§ What you need to do:
The entries that follow include a run beginning at the line with "The_Brooklyn_Daily_Eagle_Sun__May_24__1942_(7).jpg" and ending at the line with "Seiko SSC701P1 SSC701"; restate that run word for word and leave the rest out.

§ Listed records:
------------------------------------------------

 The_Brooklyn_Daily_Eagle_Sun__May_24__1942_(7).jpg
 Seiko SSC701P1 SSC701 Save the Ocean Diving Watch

------------------------------------------------

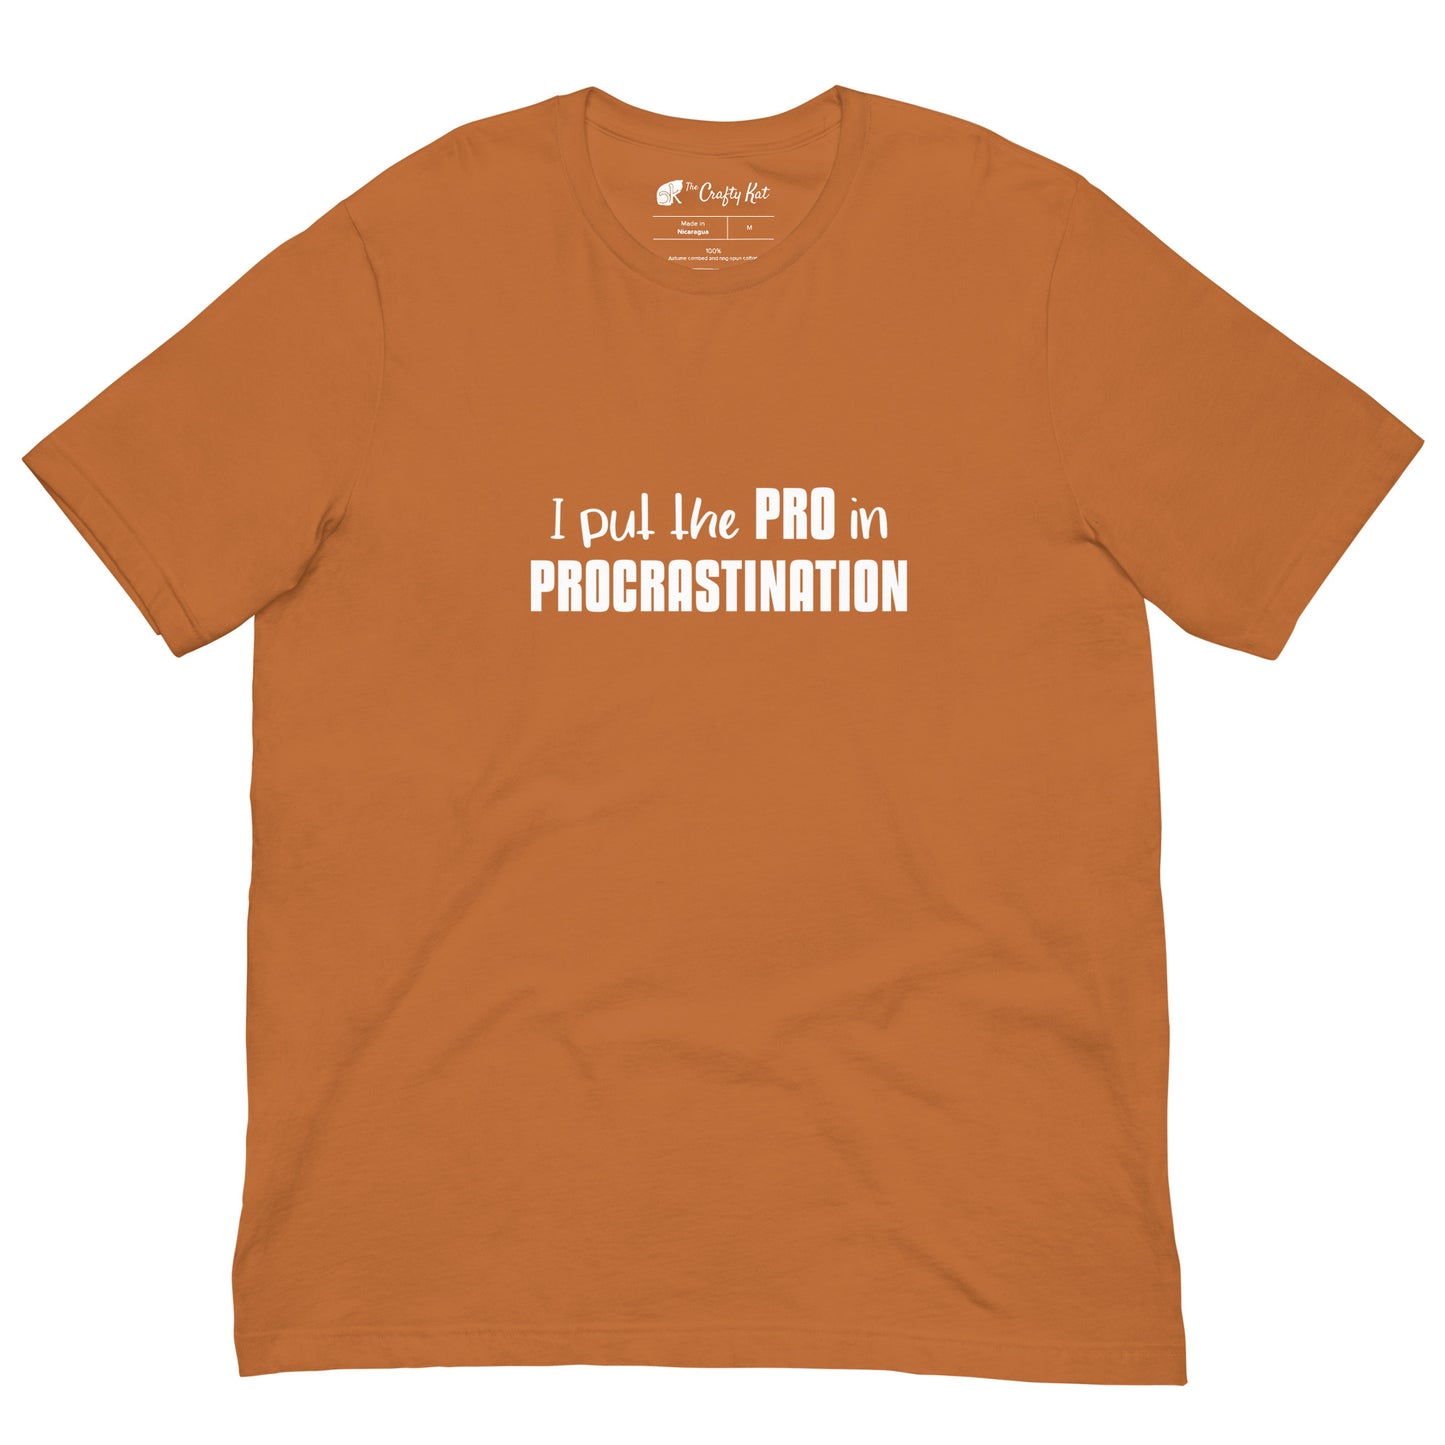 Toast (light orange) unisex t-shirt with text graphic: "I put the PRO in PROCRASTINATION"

------------------------------------------------

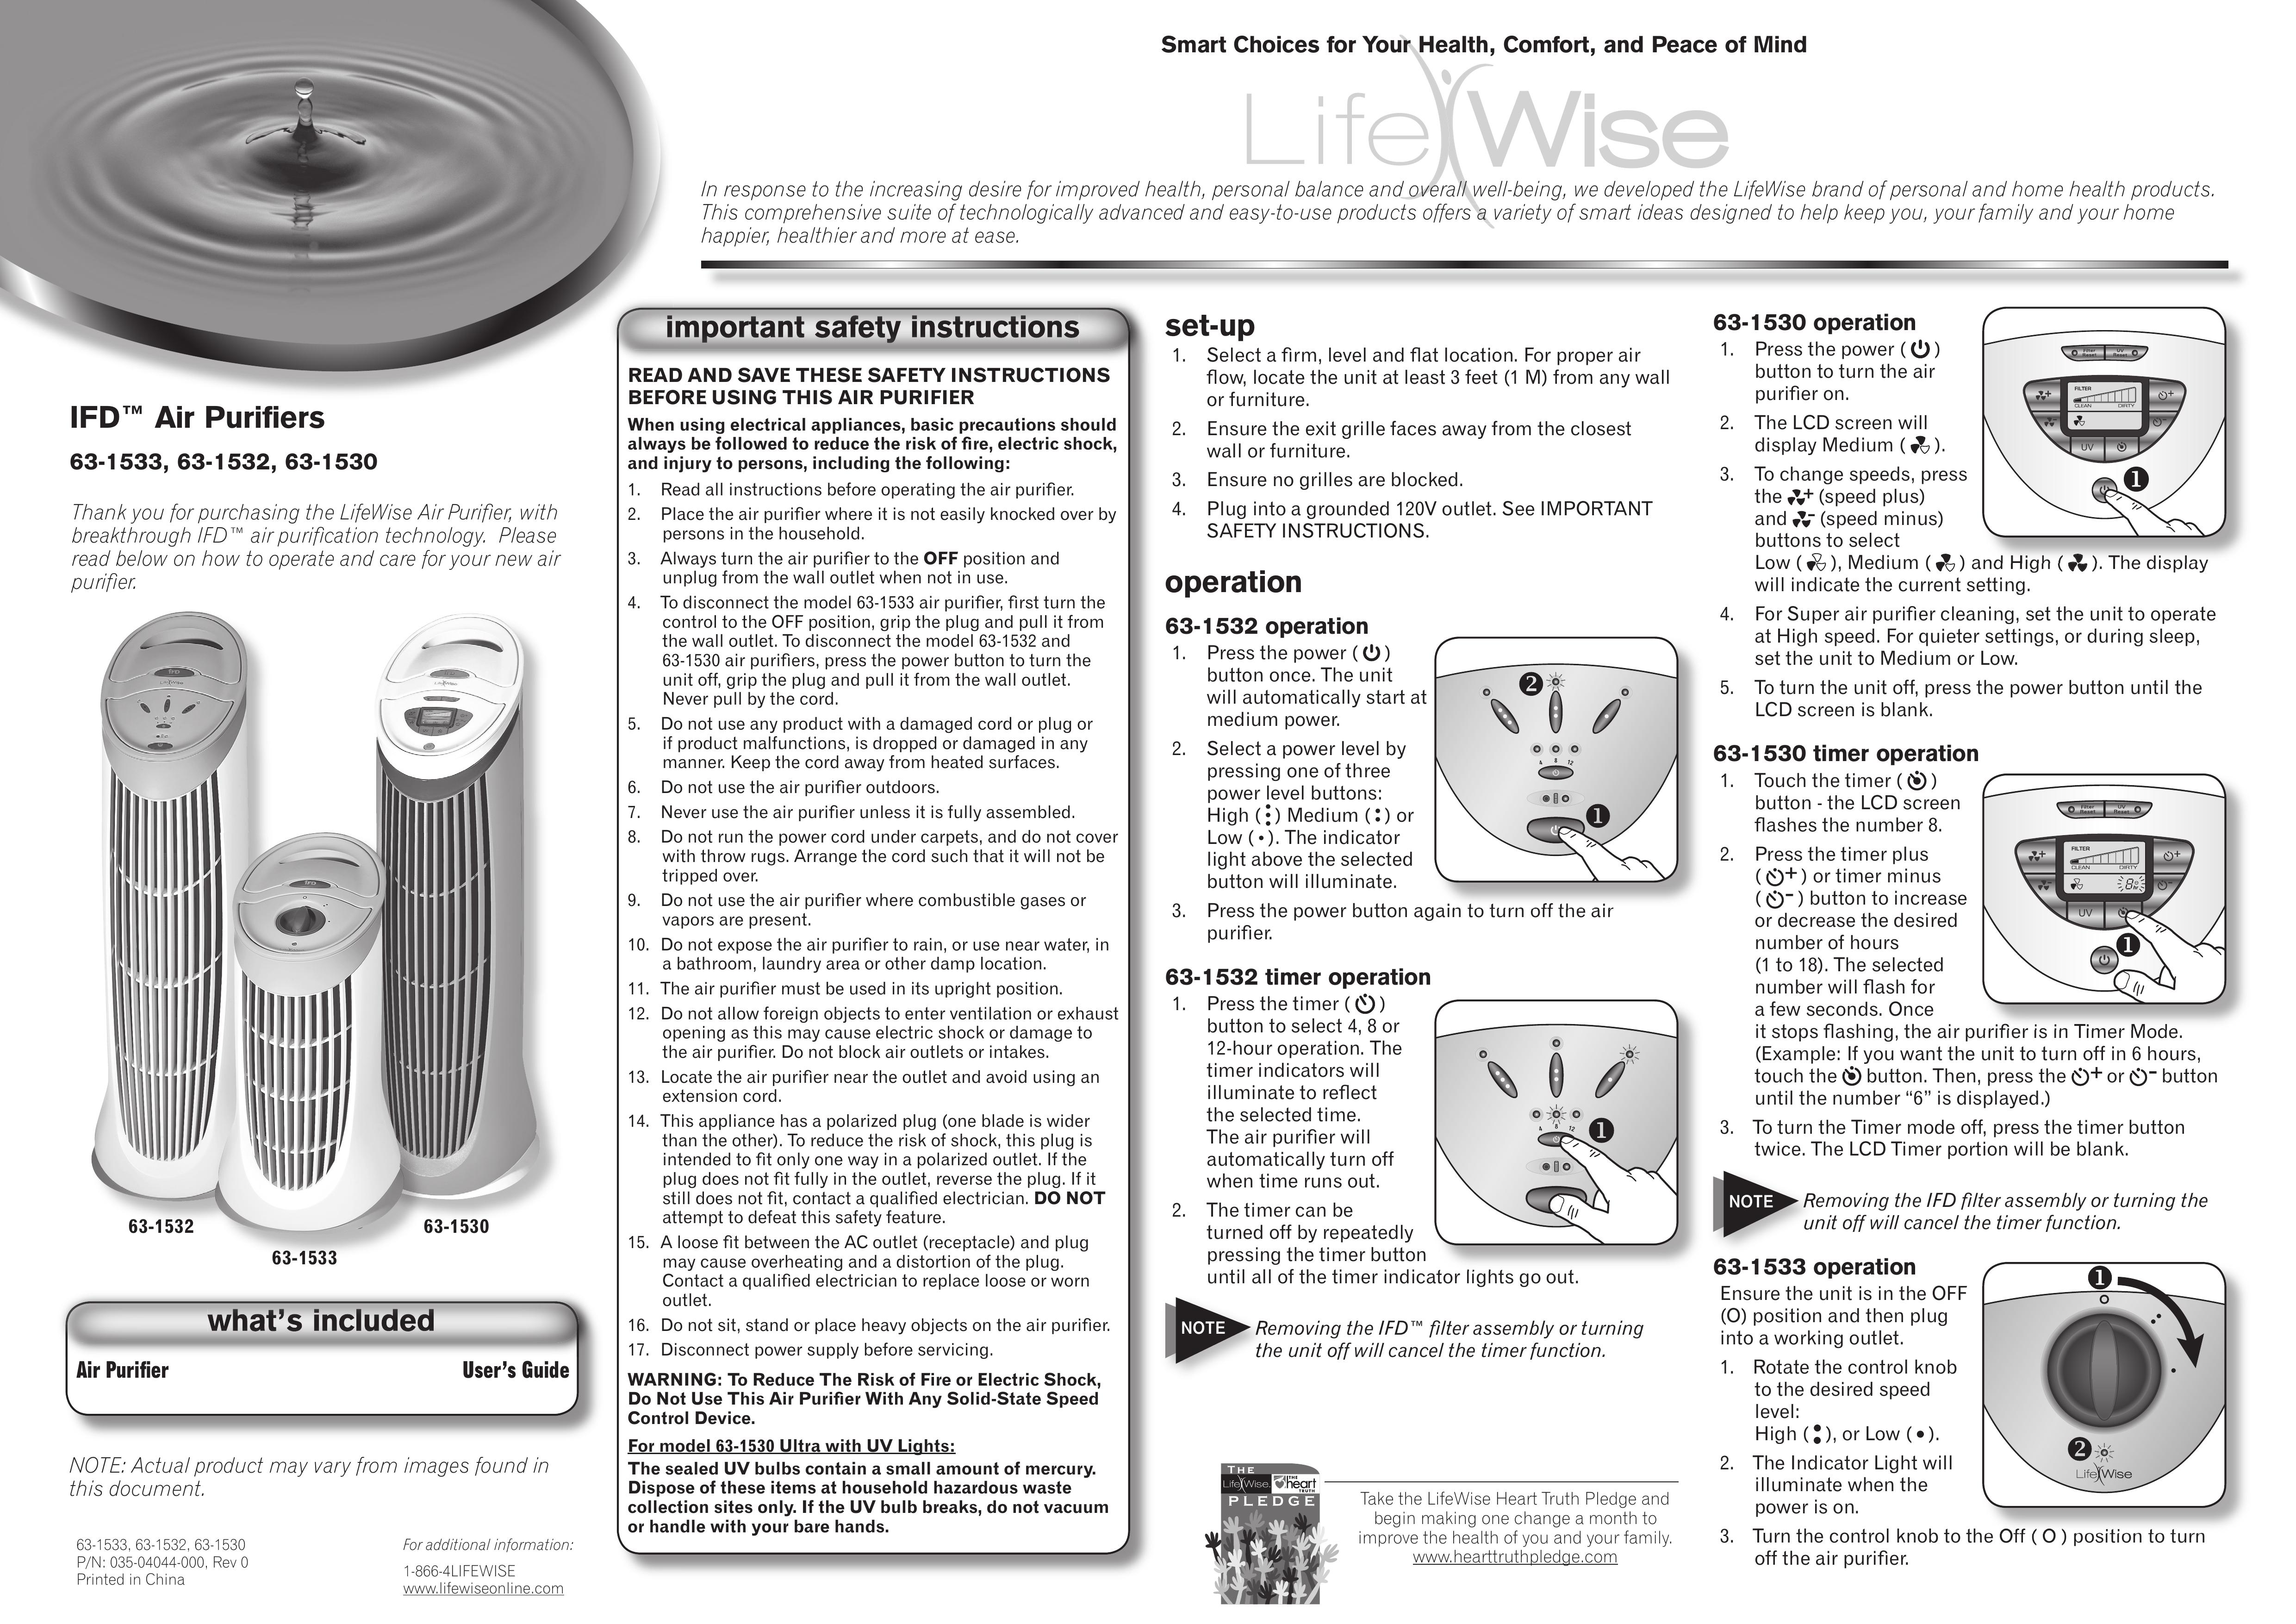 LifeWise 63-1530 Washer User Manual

------------------------------------------------

§ Task output:
 The_Brooklyn_Daily_Eagle_Sun__May_24__1942_(7).jpg
 Seiko SSC701P1 SSC701 Save the Ocean Diving Watch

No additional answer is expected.